図９は、ビット演算プロセッサ１０によって実行される命令の命令フォーマットを示す図である。図９に示すように、命令には２つの形式があるが、いずれも３２ビット固定長である。命令形式１は、５ビットの命令コード（ＯＰ：Operation）、４ビットのビット位置フィールド（ＢＡ：Bit Address）、２３ビットのワードアドレスフィールド（ＷＡ：Word Address）からなり、ビットデータを対象とする。命令形式２は、５ビットの命令コード（ＯＰ）、４ビットのレジスタ指定フィールド（ＲＡ：Register Address）、２３ビットのワードアドレスフィールド（ＷＡ）からなり、ワードデータを対象とする。 FIG. 9 is a diagram illustrating an instruction format of an instruction executed by the bit arithmetic processor 10. As shown in FIG. 9, there are two types of instructions, both of which have a fixed length of 32 bits. The instruction format 1 includes a 5-bit instruction code (OP: Operation), a 4-bit bit position field (BA: Bit Address), and a 23-bit word address field (WA: Word Address), and targets bit data. . The instruction format 2 includes a 5-bit instruction code (OP), a 4-bit register designation field (RA), and a 23-bit word address field (WA), and targets word data.

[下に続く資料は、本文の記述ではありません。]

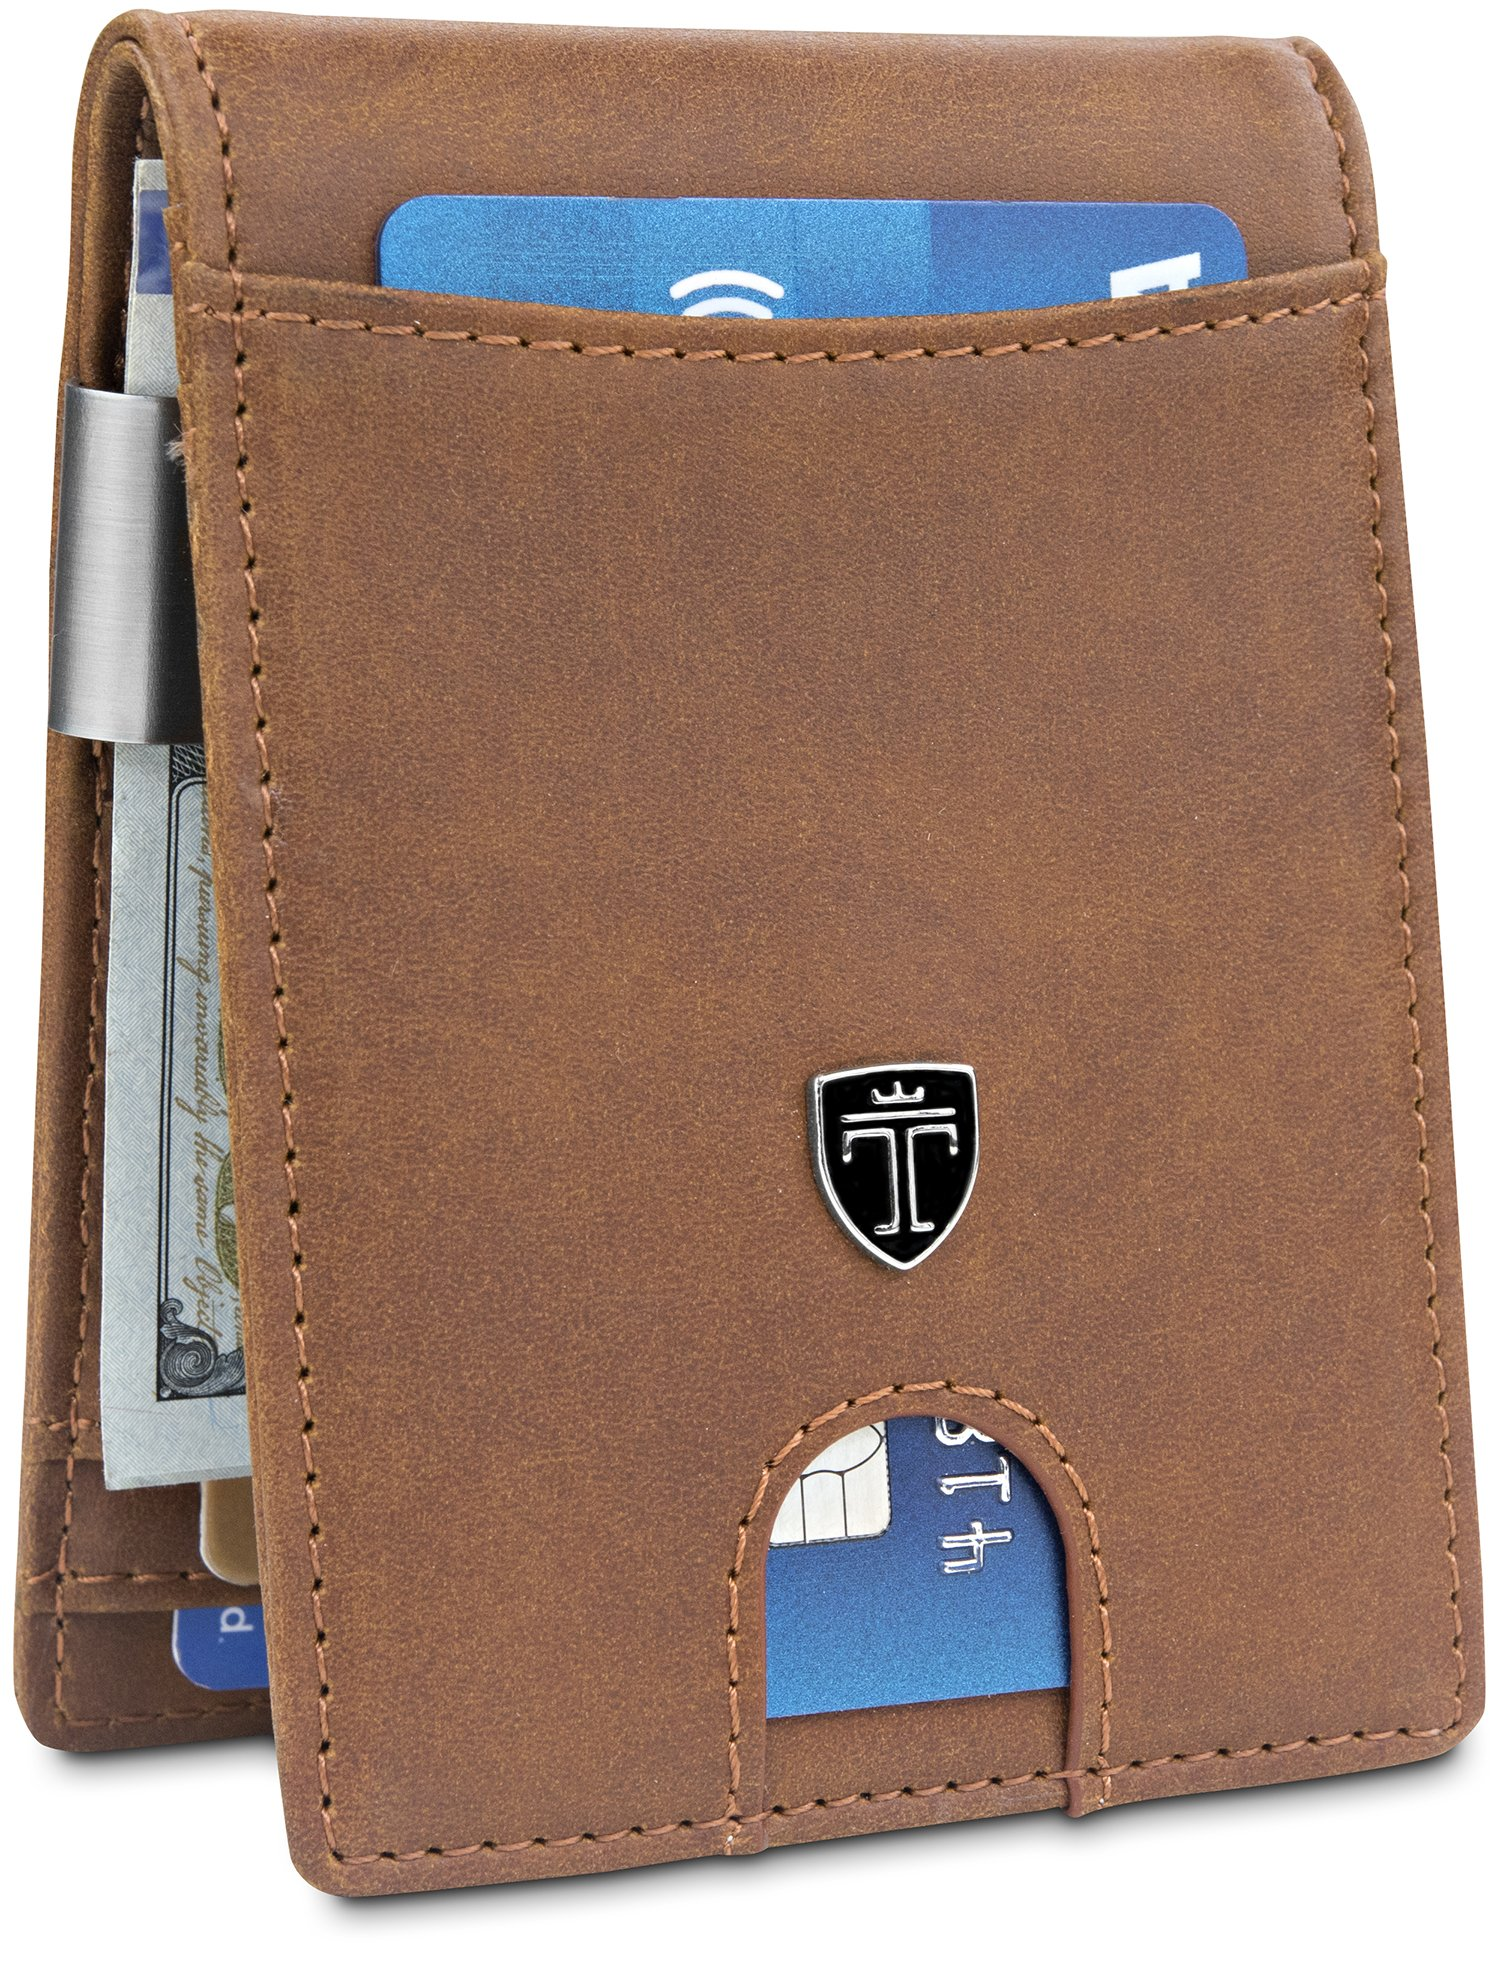 Money Clip Wallet''HOUSTON'' Mens Wallet RFID Blocking Credit Card Holder | Travel Wallet | Minimalist Mini Slim Wallet Bifold for Men with Gift Box TRAVANDO

次に、図７及び図８に示したラダープログラムを例にとり、図１を参照しつつ、本実施形態に係るビット演算プロセッサ１０の動作を図１１のタイムチャートを使って説明する。図１０は、図７（ｂ）のラダープログラムに対する前記した命令形式１の命令コード列がプログラムメモリ（外部ＲＡＭ６０）に格納された様子を示したものであり、アドレスＡ番地から順に命令コード列が格納されているものとする。 Next, taking the ladder program shown in FIGS. 7 and 8 as an example, the operation of the bit arithmetic processor 10 according to this embodiment will be described using the time chart of FIG. 11 with reference to FIG. FIG. 10 shows a state in which the instruction code string of the above-described instruction format 1 for the ladder program of FIG. 7B is stored in the program memory (external RAM 60). Assume that it is stored.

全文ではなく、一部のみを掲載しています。